Now understanding that a large percentage of the leads they were providing were junk, management at The Knot Worldwide also took up the mantle. A senior employee warned the new executive management team that this strategy was “unethical and stupid, as the media partners would surely cancel shortly afterward.” But the executive team sanctioned the practice nonetheless. One sales employee summed it up well: “What more can they do to screw these clients over?!”
This internal chatter among The Knot Worldwide’s customers is confirmed by looking at currently available web review sites; to this day, you can see complaints of contracts unfulfilled and impossible to get out of, and torrents of fake and spam leads. A recent Business Insider article also reveals that things are still amiss, reporting that 70–80 percent of the company’s leads are scams and that little to no inbound results from their advertising.
Even as advertisers begin to see the light, for most of the public and to brides and grooms around America, The Knot still has a sheen. For decades, it has been a place that people turn to in celebrating their love. Yet an untold number of large and small businesses may have been flushing their money down a toilet all these years, to a company waving a pro-women flag but bullying its women employees behind a beautiful veil.
Though none of us work at The Knot anymore—having departed after raising our arms loudly and repeatedly in protest—we feel it is essential that others know the darkness beneath its pretty exterior. We are speaking up now on behalf of our colleagues who were pressured into acts that they knew were wrong but were scared into submission, their voices silenced by NDAs. We are speaking up for the clients harmed by the company's siphoning of revenue from customers around the country, and its lack of appropriate action to remedy this. And we are speaking up for the right to speak up itself. We loved much of our time at The Knot, but none of us signed NDAs in exchange for hush money, and we will not remain silent any longer.

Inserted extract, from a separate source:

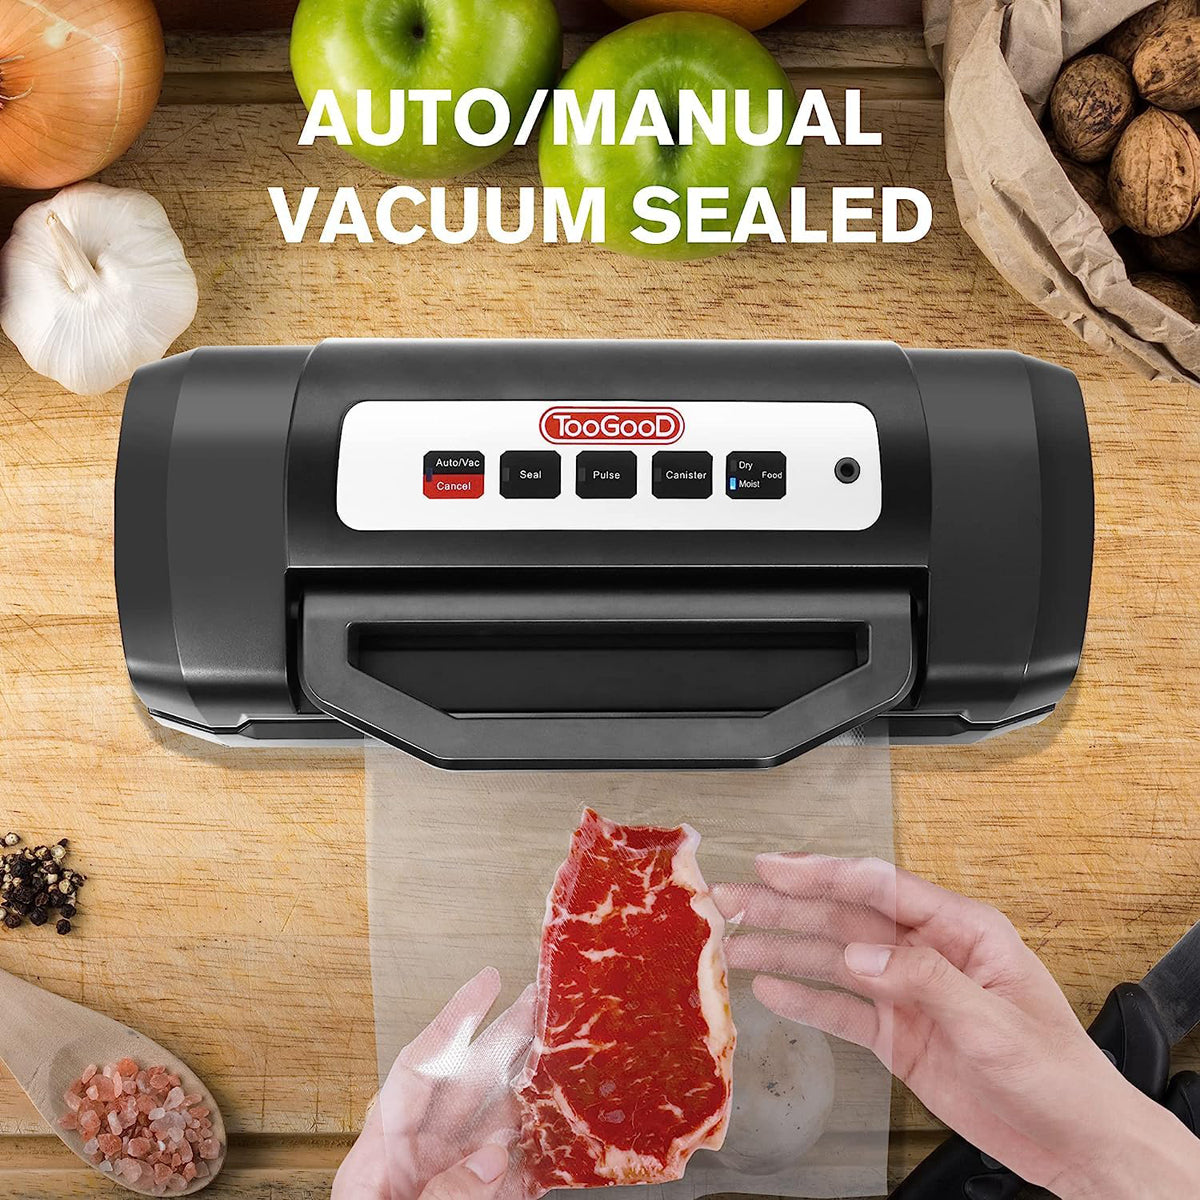 Auto / Manual Vacuum Sealed

If you are an employee or customer of The Knot and have further information about this story, send tips to hellolioness@protonmail.com. The authors can be contacted at http://knotwhistleblowers.com.

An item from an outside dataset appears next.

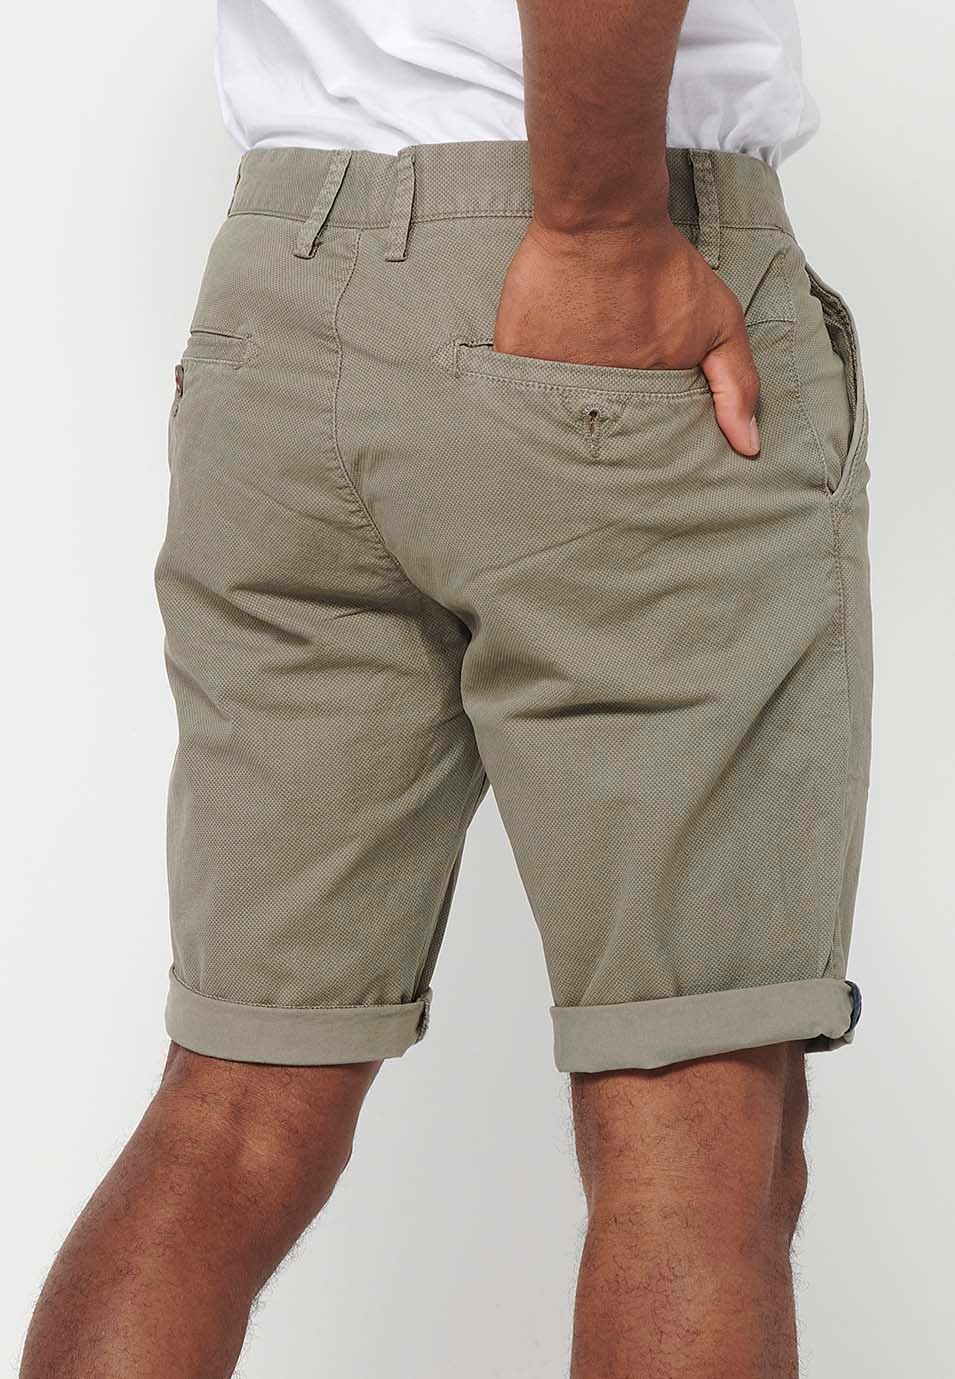 Herren-Bermuda-Chino-Shorts mit Umschlag, Reißverschluss vorne und Knopfverschluss sowie vier Taschen in Nerzfarbe 5

A spokesperson for The Knot Worldwide responded to our request for comment with the following statement:
At The Knot Worldwide, our priority is to serve our couples, vendor community, and national advertising partners, while also supporting the wellbeing of our employees across the globe.

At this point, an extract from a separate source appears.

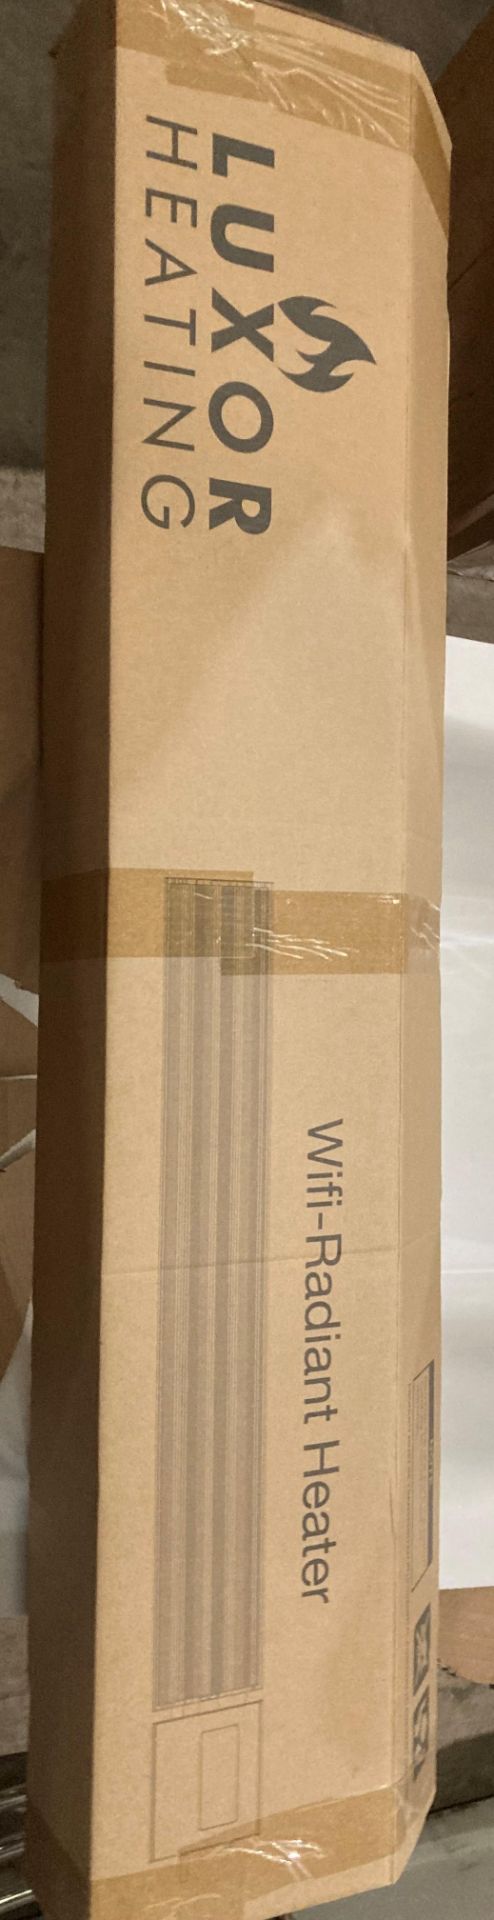 Luxor 1800 watt WIFI Radiant heater in black (new boxed) model LHB18WF (saleroom location: MA1 - Bild 2 aus 3

In this case, former employees of XO Group, Inc., which operated The Knot until late 2018, relayed their concerns to leadership before parting ways with the company years ago. Their concerns were taken seriously then, as they are taken seriously now. The senior leadership team who were alerted to these concerns and worked at XO Group Inc. prior to the merger with WeddingWire, Inc. in 2018 are not a part of The Knot Worldwide today. At the time, an external law firm was engaged to conduct a thorough investigation into the complaints made by the former employees. The investigation found that XO Group accurately reported financial performance in all material respects, and any claims of widespread misconduct were unfounded. XO Group also cooperated with federal regulators who did not pursue enforcement action based on these allegations.